Anxiety had gripped me around the throat and held me hostage of fear, ‘they’re coming for us’ i kept telling myself.
I went to beyond ridiculousness and researched how to keep safe from a terrorist attack, right down to how to survive nuclear bombing. And worked out if London was hit, how bad the nuclear cloud would affect us.
I wrote a plan and emergency plan on how my mum could keep my baby safe whilst I wasn’t with him. I made her promise me she would not leave the house. The day was a blur, a surreal stressful day. But I got through it, somehow. My mum not long after this pleaded with me to speak to my
I think majority of us feel more ready to accept medical conditions and help when a professional has made the diagnosis.
Sometimes you just know with things like this, its the only explanation for the anxiety and inability to cope that I feel everyday minute of the hour, of the day. Life shouldn’t be this hard, your days shouldn’t be just trying to make it through a 3 hourly window, waiting helplessly until your partner arrives home.
There are definite side effects that I still battle daily, from my PND hangover. The knot that still forms in the pit of my stomach when I am reminded by each cry that I have a small baby to tend too, when night feeds are getting tougher, because you just need to sleep these feelings away and hibernate. Because after all we stop feeling once we’re asleep. I make a flippant joke but inside when people ask me how I cope with three children all under the age of 3, I’m trying not to vomit and panic. I feel dreadful that my PND is the sacrifice of a year of my life and sanity for the greater win of brining my newborn baby into this world.
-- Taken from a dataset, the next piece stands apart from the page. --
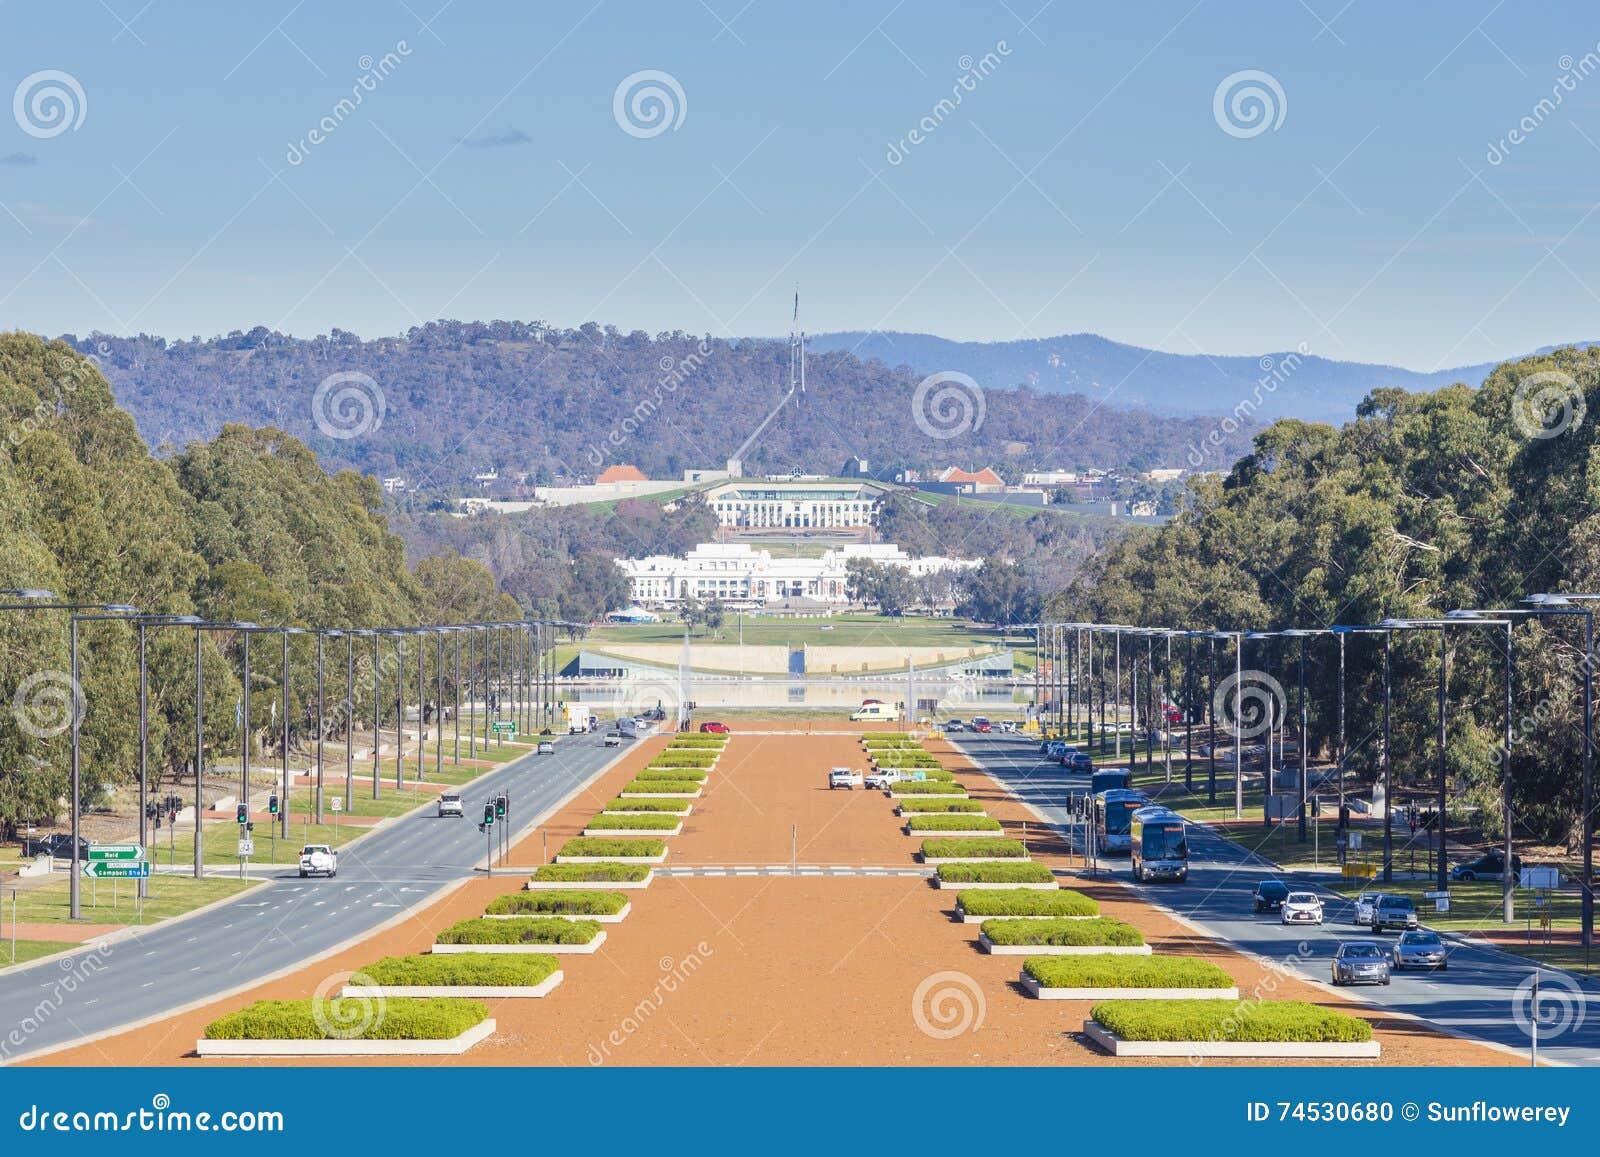 El viejo parlamento contiene y el nuevo parlamento contiene en Canberra

I am looking forward to one day finally feeling free of this hangover. But in reality i am hoping that when I return to work it shall be my coping mechanism. A chance to escape my guilt of being a bad mum who couldn’t cope. The mum who is so emotionally worn out from the past three years of parenting. To the days I feel I cannot deal with days on my own with them. And now, nearly 3 years after my first experience of PND, I’m still working on that knot in my stomach which appears and I start to panic that I am not able to cope through my day.
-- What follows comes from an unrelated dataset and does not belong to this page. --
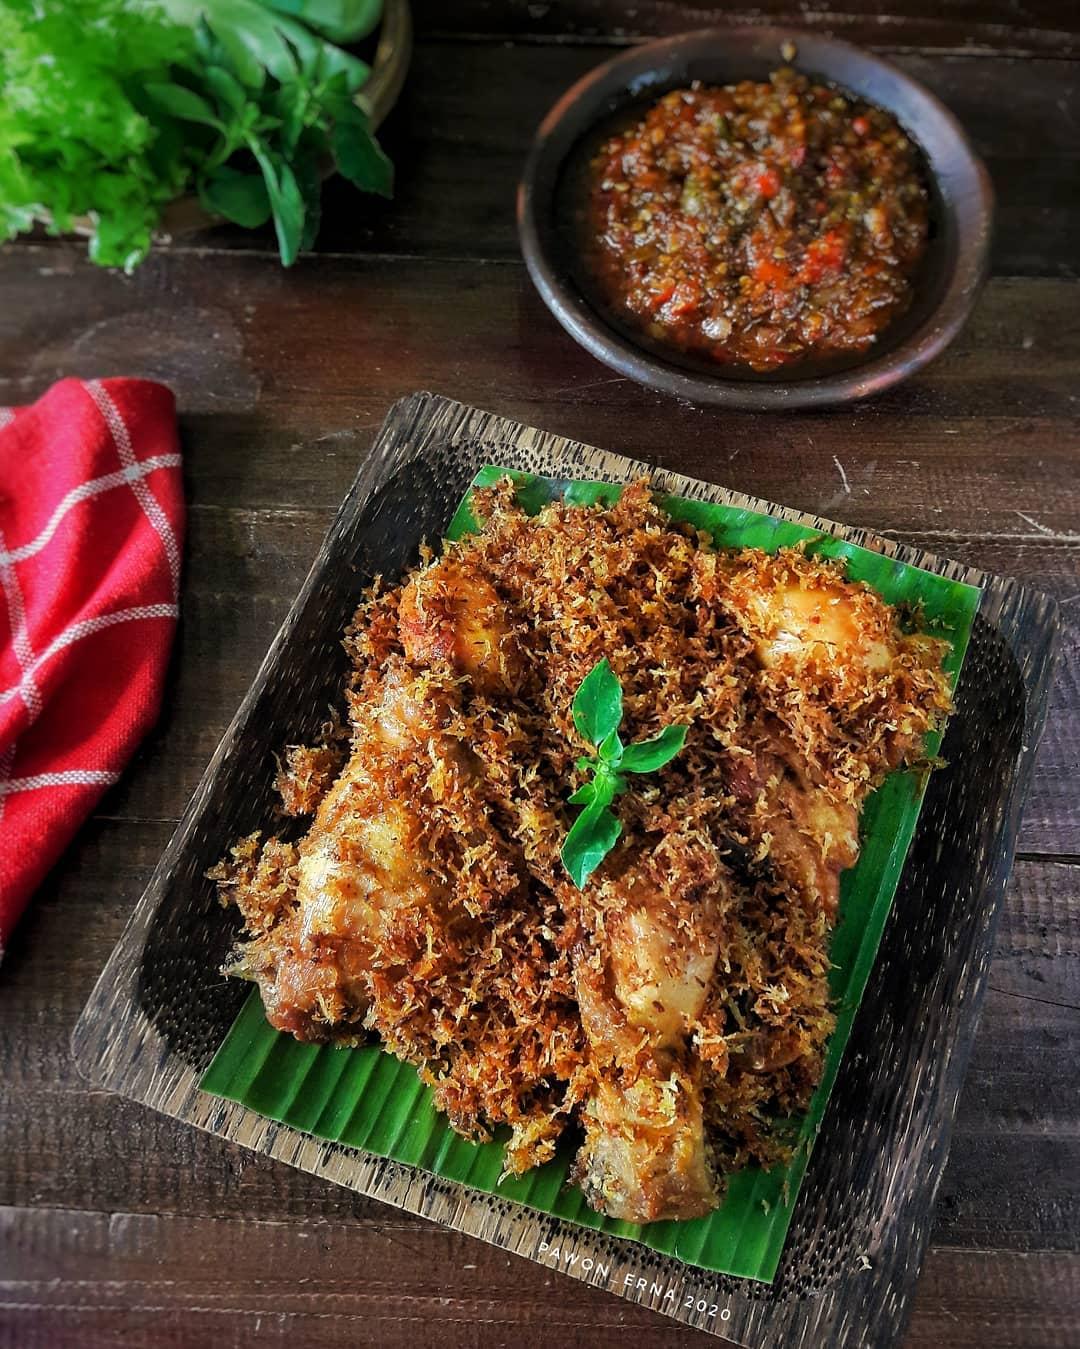 Resep Ayam Serundeng Kelapa Gurih Praktis Gak Pake Ribet

Which is insanely sad, because everyone who has met Parker always praises me on how amazing he is doing on breast milk, my chunky big baba. Which is all down to me. How bright, alert and happy he is. Which is all down to my guidance and nurturing. I look for light at the end of the tunnel, I look at my water half full in the glass, getting me through my PND hangover and partly looking forward being free from not suffering from it any longer. I want to regain my strength and happiness. I want to be the mother my children deserve . But that knot is there, quietly reminding me that I am unable to cope in my year at home during my maternity leave. I really want to ignore it but it’s something I have to work towards, gradually.
I wish a full English breakfast and a ice cold Coke would make this hangover disappear.